Nach der Sanierung ließe sich die Mühle bei entsprechender Betreuung als lebendiges Anschauungsobjekt für die aktuell sehr relevanten Fragen der Energiegewinnung, Nahrungsmittelproduktion und Ernährung für Besucher aller Altersgruppen nutzen. Zugleich würde sie als ein ortsbildprägender architekturgeschichtlicher Identifikationsanker das Heimatpotenzial der Region nachhaltig stärken, so Schimek. Aus diesen Gründen unterstütze das Museumsdorf Cloppenburg die Anstrengungen zum Erhalt der Mühle.

Die Mühle wurde 1650 erbaut und hat eine wechselvolle Geschichte. Nach der Übernahme durch Franz Gerhard Diekmann wurden ein neues Wohnhaus errichtet und 1863 umfangreiche Verbesserungen an der Mühle vorgenommen. 1865 wurde ein Backhaus erbaut. 1979 übernahm der Heimatverein Essen die Mühle. In drei Bauabschnitten wurde die Mühle komplett saniert.
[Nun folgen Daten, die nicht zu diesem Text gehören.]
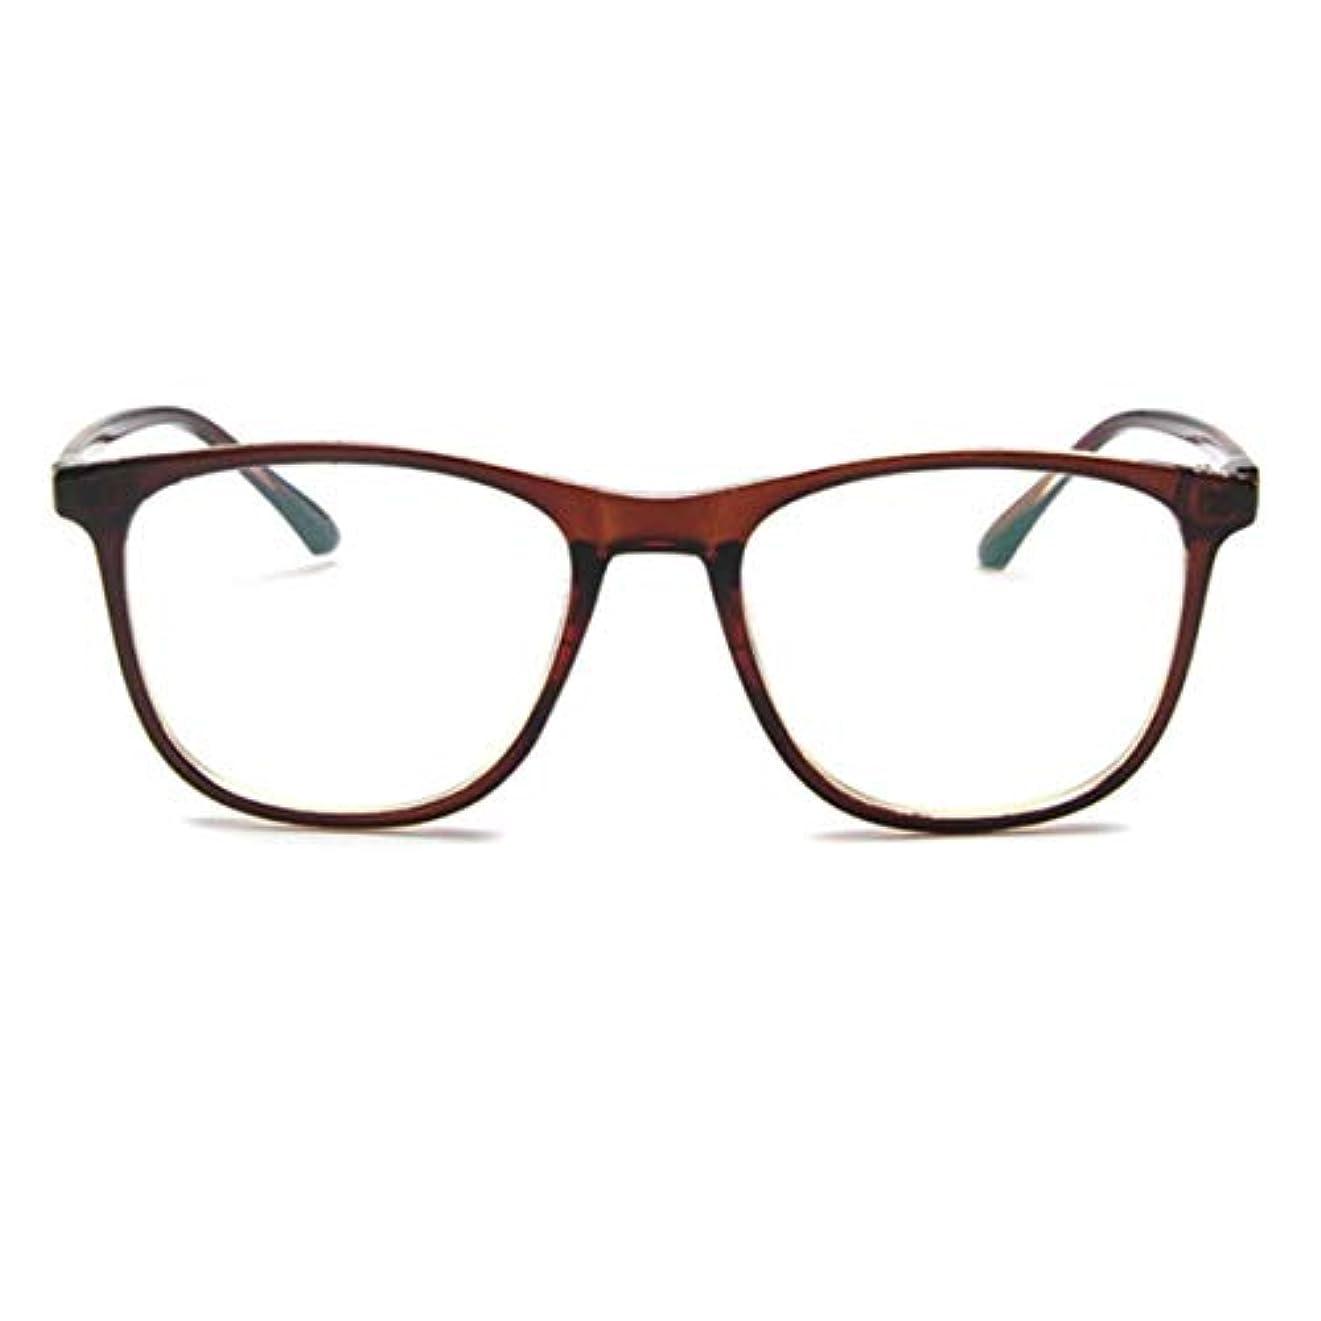 家主ナンセンス害虫韓国の学生のプレーンメガネ男性と女性のファッションメガネフレーム近視メガネフレームファッショナブルなシンプルなメガネ-ダークブラウン

Zu den jetzt zahlreichen geplanten Maßnahmen zählen vor allem die Schräglage des Achtkants, die ausgeglichen werden muss. Beschädigt sind die Schindeleindeckung der Kappe und des Achtkants, der Stert, die Schoren und der Spreetbalken sowie die Galerie. Diese Bauteile sind zu erneuern. Um die Mahlfunktion der Mühle zu erhalten, ist auch die Sanierung der Mühlentechnik (Stirnrad, Kammräder, Wellen, Mahlsteine) erforderlich. Diese Maßnahmen können zu einem späteren Zeitpunkt erfolgen, sind aber in der Kostenschätzung von rund 500 000 Euro berücksichtigt.

Das Land Niedersachsen, der Landkreis Cloppenburg sowie die Gemeinde Essen wollen erhebliche Zuwendungen bereitstellen. Der Heimatverein und die Eigentümerin haben Eigenmittel eingeplant.

„Am Pfingstmontag ist die Mühle von 13 Uhr bis 17.30 Uhr geöffnet. Es gibt kühle Getränke und Würstchen“, lädt Bernd Perk die Bevölkerung ein.